*** Input data ***

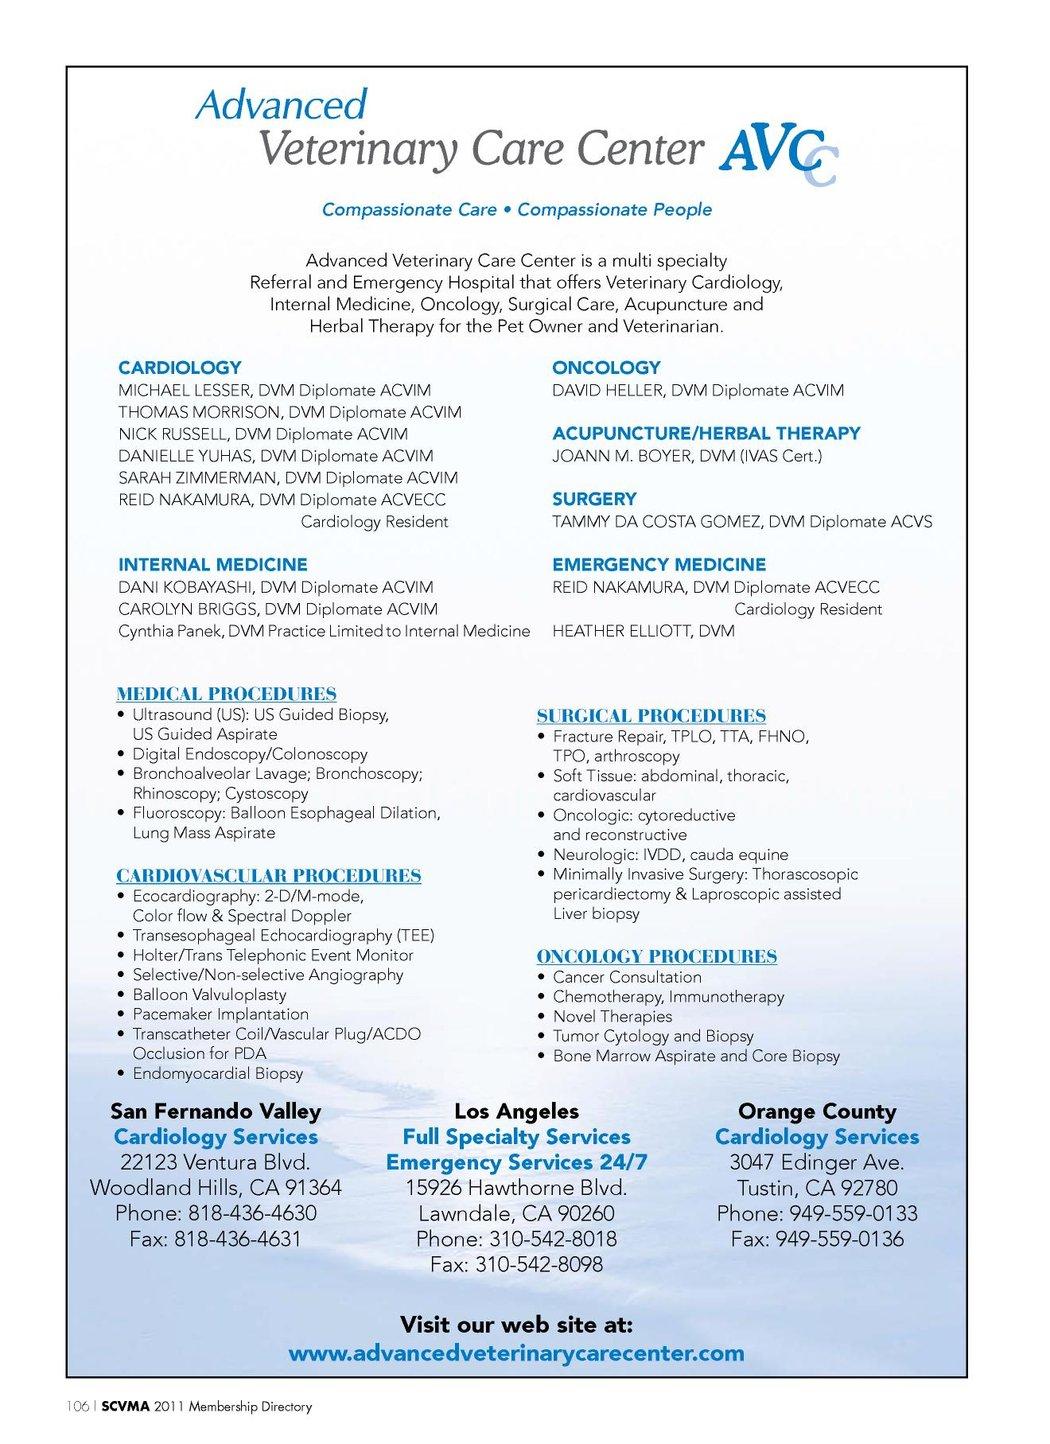 Membership Directory 2011-2012
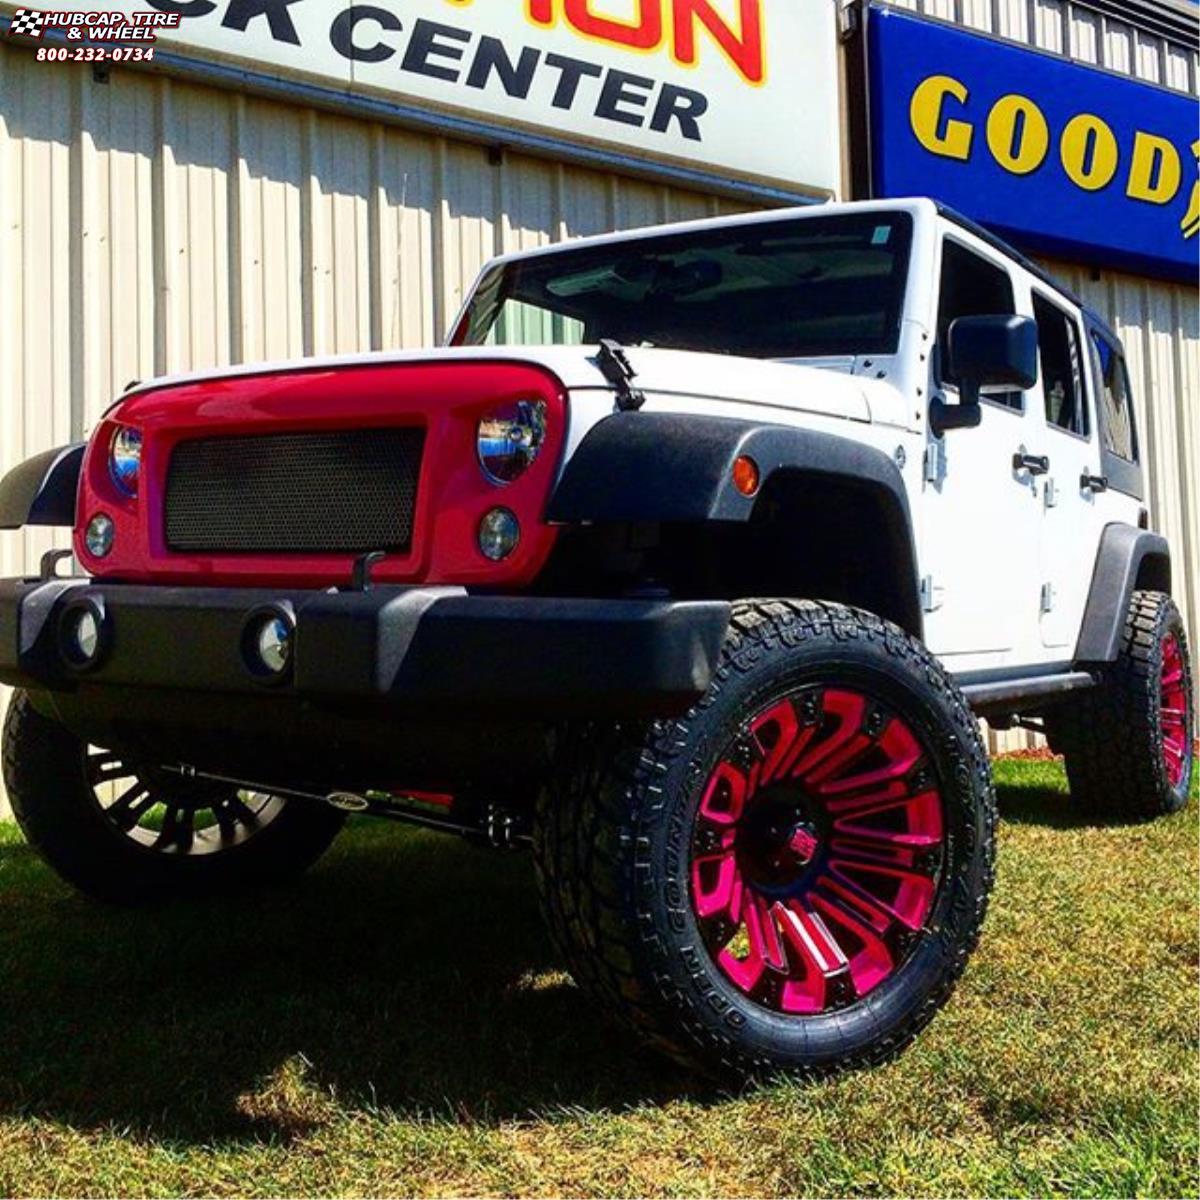 Jeep Wrangler Xd Series Xd810 Brigade Wheels Black Pink
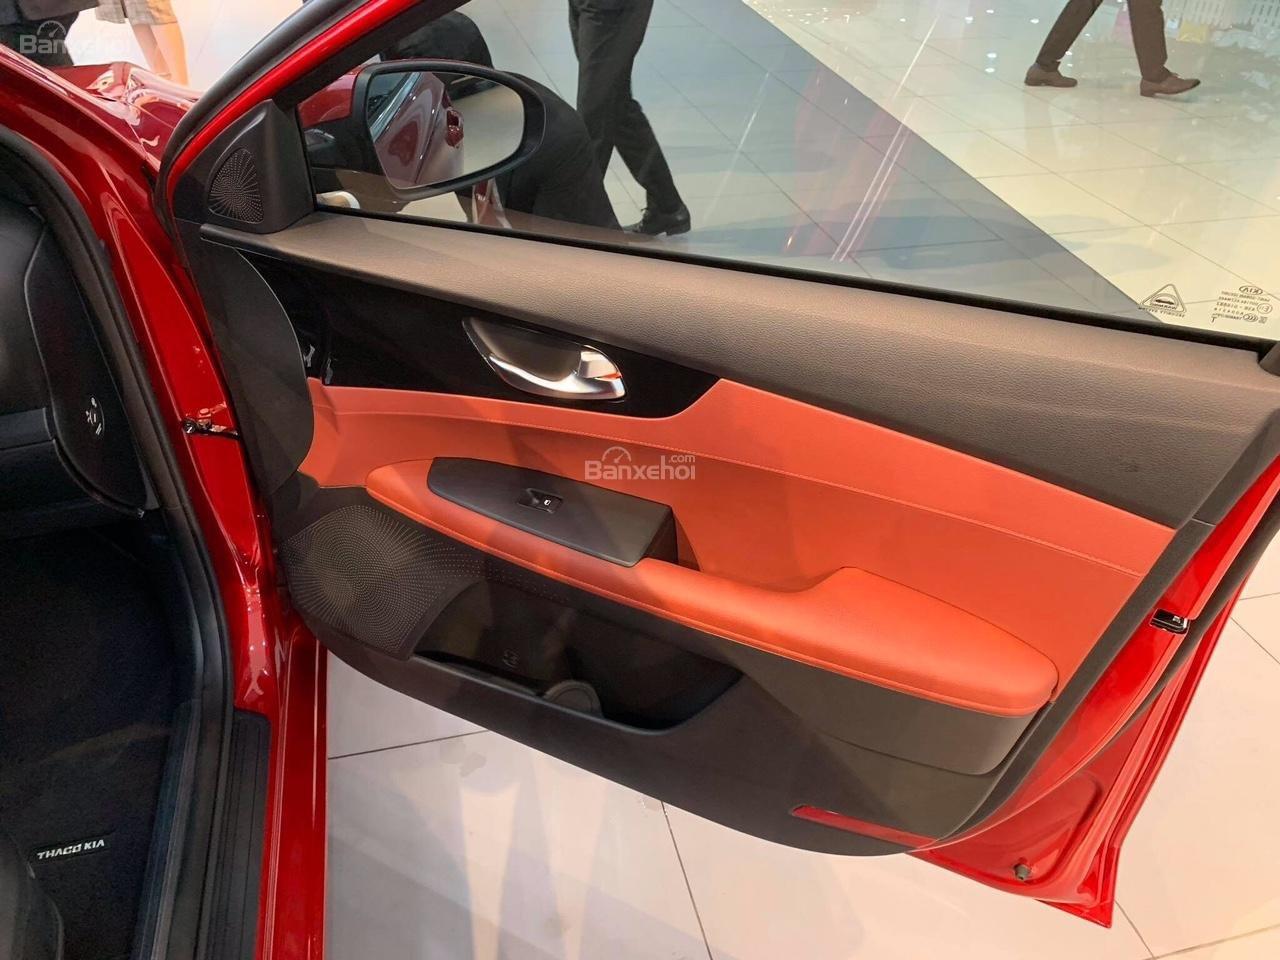 Bán Kia Cerato đời 2019 All New - Giao xe trước Tết-7

***

__Work instructions__:
Only the lines from the one containing "Jeep Wrangler Xd" through the last line of the material should be returned, exactly and without pictures.

__Answer to this task__:
 Jeep Wrangler Xd Series Xd810 Brigade Wheels Black Pink
 Bán Kia Cerato đời 2019 All New - Giao xe trước Tết-7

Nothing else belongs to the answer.